In order that rod on tubing wear problem; can be properly addressed, avoided where possible, and ameliorated when not avoidable, the factors contributing to rod on tubing wear have to be identified and analyzed for significance.

This paper addresses the problem by identifying the variables, numerically quantifying their contribution to rod on tubing wear where possible, and identify those variables which are not quantified and require additional research. A method for combining the quantifiable variables into formulae useful for analysis is presented.

Variables in rod design are investigated and evaluated using these numerical methods and, in some cases, bench marked against measured field conditions.

Historical Methods

As a preventative step in minimizing rod on tubing wear, drilling contracts almost always include provisions for wellbore surveying. Drilling contractors are required to take measurements of the direction of the borehole at specified intervals and if deviations exceed some specified minimum, remedial action is usually required at the expense of the drilling contractor.

It has been common practice to use these measurements taken at the time of drilling to calculate dog leg severity (DLS), expressed as degrees per 30 meters. DLS calculations can be based on many relationships, but the most common relationship is the minimum curvature method, wherein adjacent survey points are assumed to be on the circumference of a circle and DLS quantities are the degrees of arc projected by the survey points, and scaled to an arc length of 30 meters.

It has also been common practice to use the DLS calculations to estimate the location and seriousness of anticipated rod on tubing wear problems. At locations of the highest DLS, the most severe wear problems might be expected.

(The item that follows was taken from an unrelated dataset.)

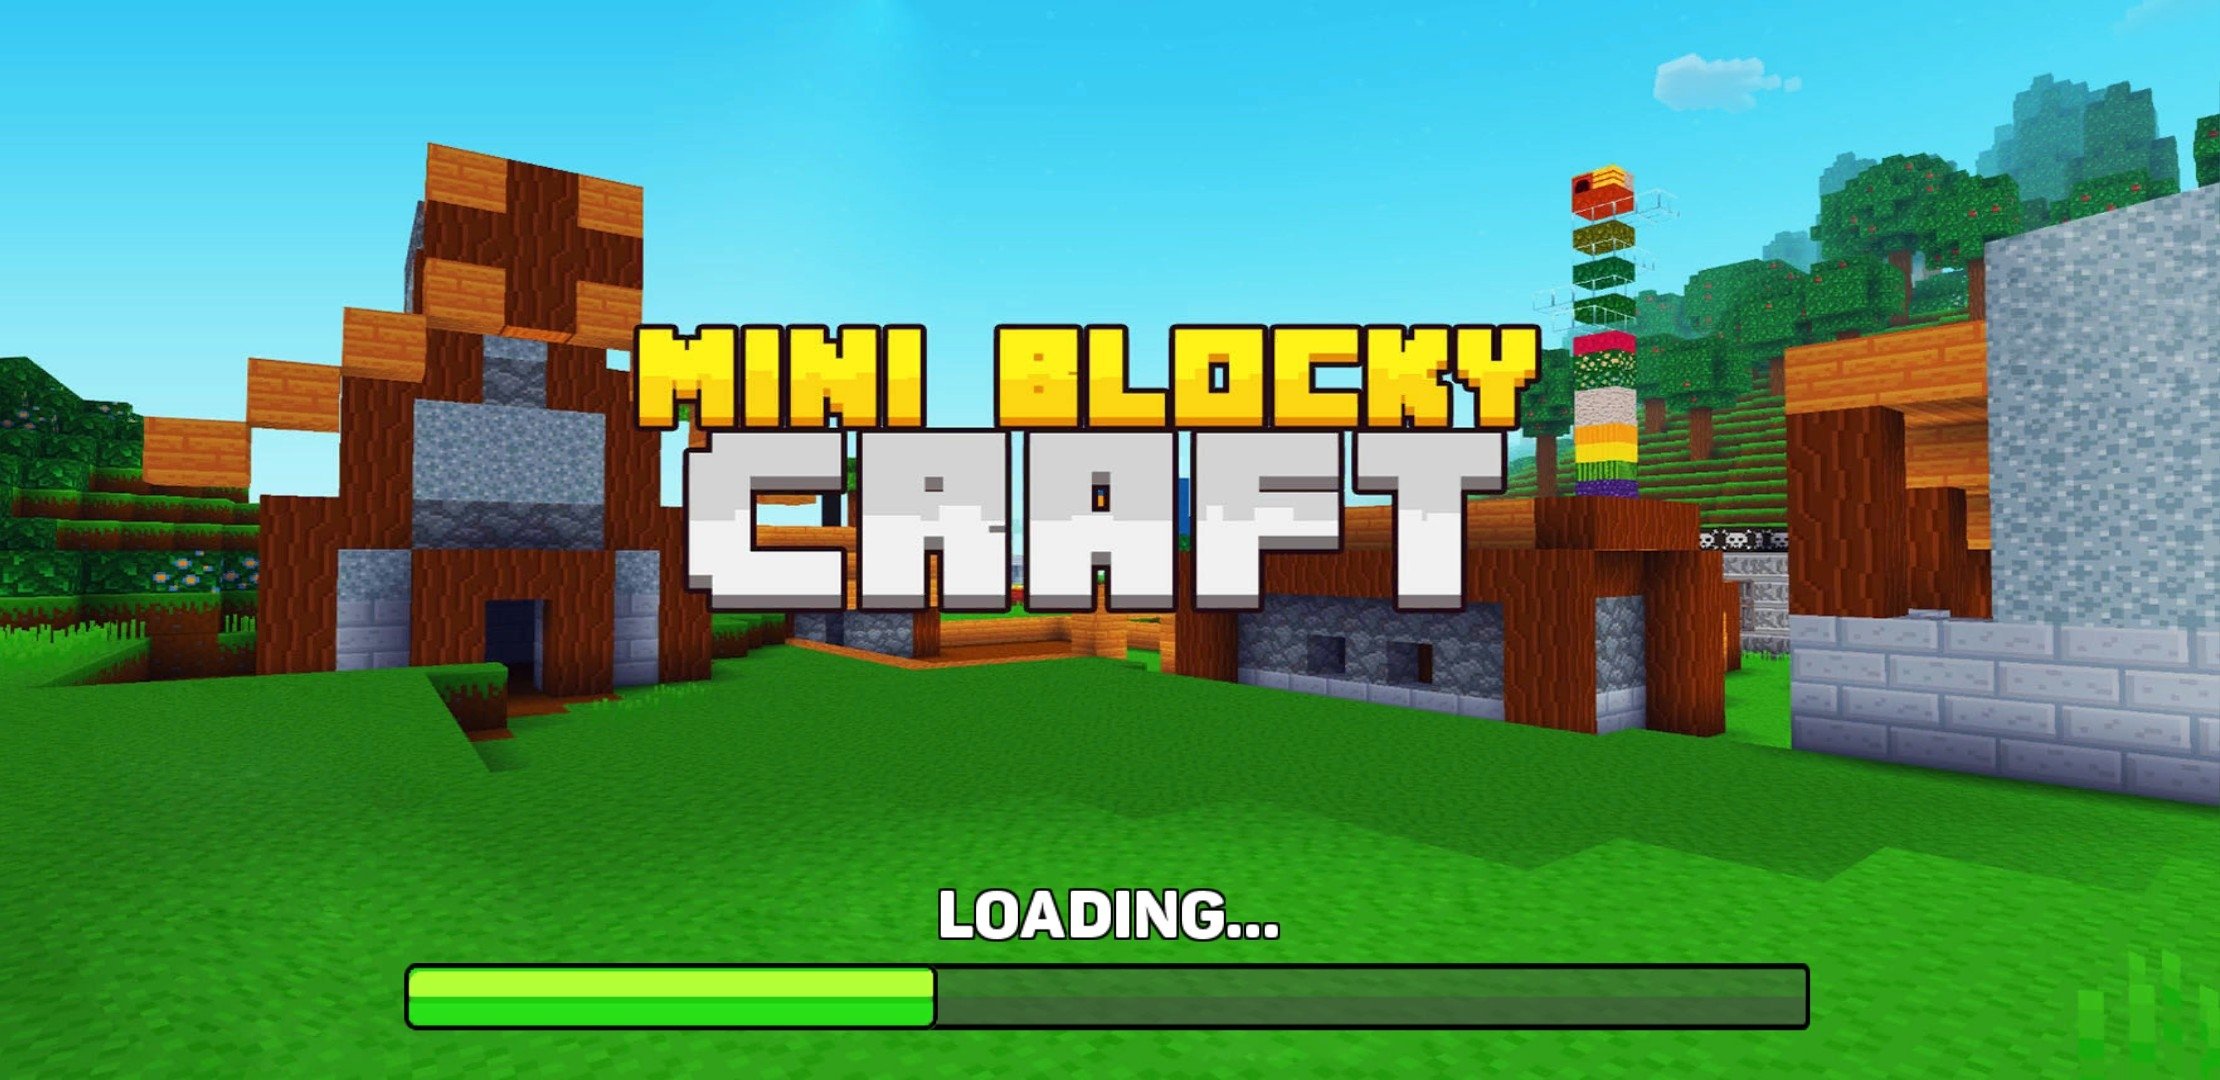 Minicraft 2022 for Android - Download

Unfortunately, rod breaks and tubing leaks due to wear often occur at other locations in the wellbore. Many operators have taken more detailed wellbore surveys after wear problems have occurred only to learn that the surveys taken while drilling do not adequately describe the geometry of the wellbore and many severe doglegs were skipped. Figure 1 shows DLS profiles for a deviated Alberta well based on surveys taken while drilling and a survey taken later at 10 meter intervals. Because the data used for Figure 1 is taken from a deviated well survey points taken while drilling are relatively numerous. In vertical wells, the number of survey points taken while drilling would be expected to be fewer, and consequently, more doglegs would be missed.

In many cases, though, even the detailed survey fails to identify the reason for rod on tubing wear. Clearly, other significant factors are involved in addition to DLS.